This story is brought to you by a Konstantine Paradias.
When he isn't busy being awesome he keeps a blog that you can view here.
Thanks for the story man!

Konstantine Paradias is a Greek science fiction and fantasy writer. His short stories in English have been published on OHP's Petulant Parables Anthology, Breathless Press' Shifters anthology, EveryDayFiction.com, Schlock! Magazine, Static Movement's Behind Closed Doors and Long Pig anthologies. His first fantasy ebook, Stone Cold Countenance, has been published by bibliocracy. com.


I started collecting secrets when I was just six years old. It began when Jeannie Wilks, the blond-haired girl with the ocean-blue eyes leaned over her desk and whispered in my ear:
“I soaked my stepmom’s catnip in bleach this morning” and then leaned right back, a gret big smile on her face. I did not say a word at the time, only nodded and looked back to the blackboard, where the teacher was busy inscribing the alphabet, teaching us the secrets behind language that need not be spoken to be comprehended.
I tried talking to Jeannie again, when Bob Holding walked up to me during recess, pulled me by the arm and whispered:
“I put lighter fluid in my dad’s whiskey bottle last night, when he passed out. You think he’ll choke on it?” again, he did not stop or wait for my reply. He simply kept on walking, as if he was oblivious to the power this secret had given me over him.
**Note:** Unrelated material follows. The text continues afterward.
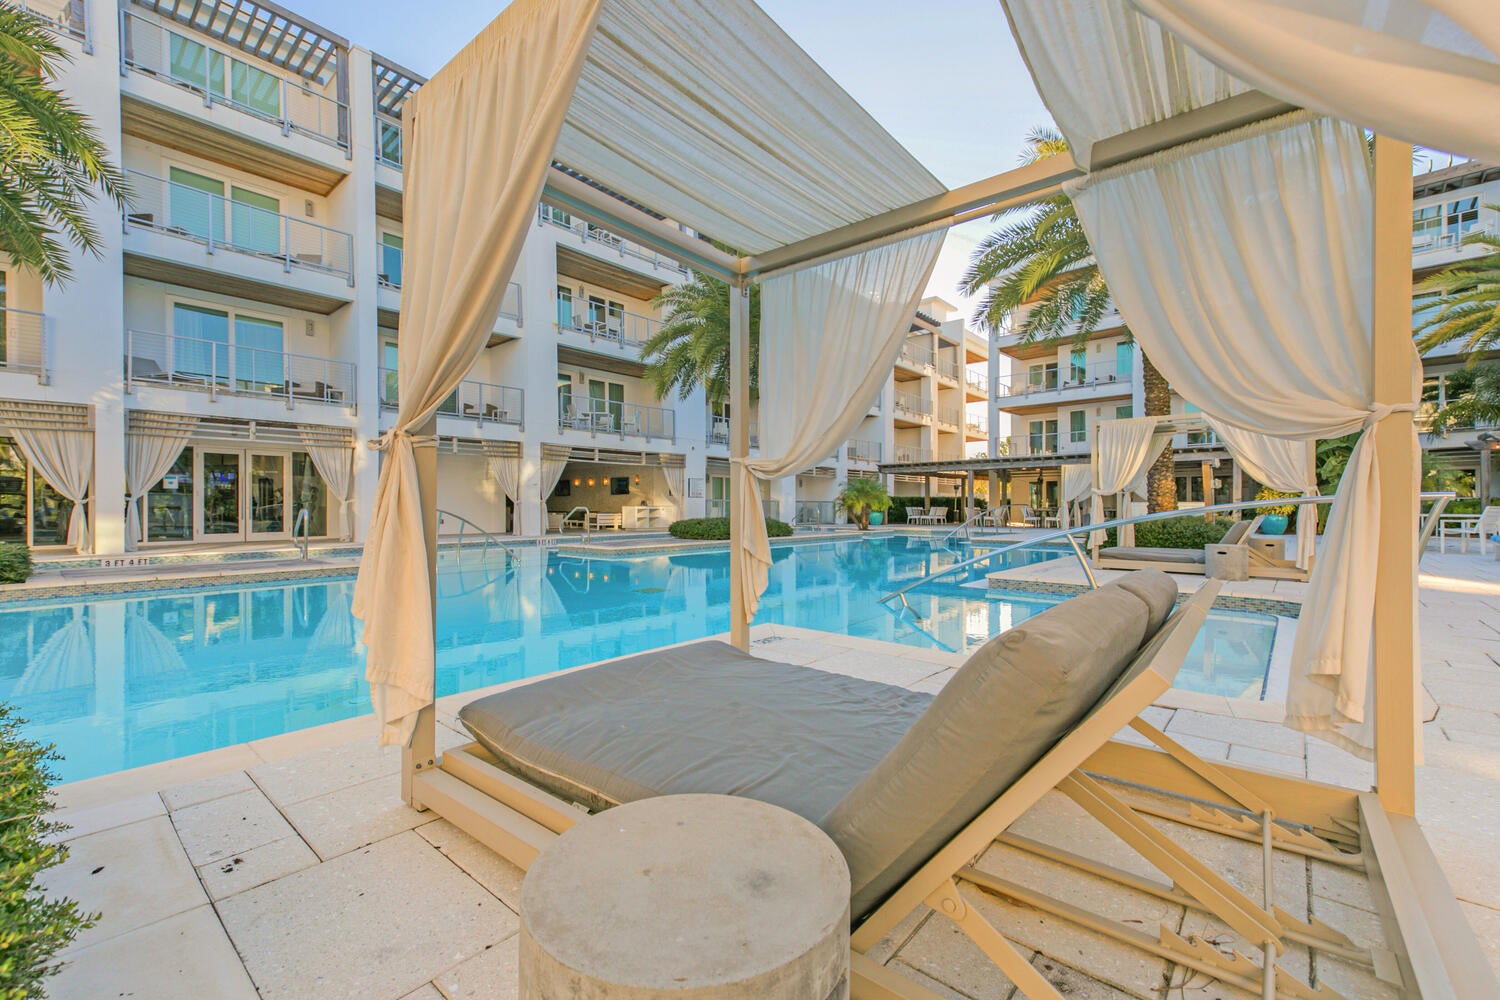 Grab a cabana and relax by the pool

It happened twice more that day, little secrets that were passed to me during class. Joe Schmidt had a crush on the teacher. Eleanor Brisby was infatuated with her babysitter. I merely nodded and accepted these secrets, stashing them in some dark recess of my brain.
When I returned home that day, I did not feel the secrets crush me but I did not forget them either. Like spiders, they spun their webs inside my skull and dwelt there in peace.
At dinner, I asked my mother what a secret was. She forked the beans inside her mouth, chewed thoughtfully for a while, then said:
“A secret is something that is shared by people who want nobody else to know. Why do you ask, sweetie?” she said and smiled at me. When I asked if it’s bad to keep secrets, my mother arched her brows the way she always did when she knew I had been naughty and asked:
“Depends. If someone has, for example, taken cookies from the cookie jar before dinner or if they have cheated on their history quiz, then yes, it is bad. Has anyone you know done that kind of thing? Hmm?” she asked and leaned closer, her eyes looking into my heart and looking through my childish mind.
I assured her that no such thing had happened. I only feigned ignorance and did my very best to finish my peas (which I hate as a dish to this day) in an effort to appease her.
By the time I was seven, the entire class had entrusted me with a dangerous little tidbit of information. I’d found out about secret kisses by the riverbank, stolen toys and game cartridges broken out of malice. I’d learned about the secret hate twin siblings felt for each other and in one case heard Morgan Lee’s terrible little side surfacing, a secret self that needed to be let out, smothered by cuteness and parental conditioning.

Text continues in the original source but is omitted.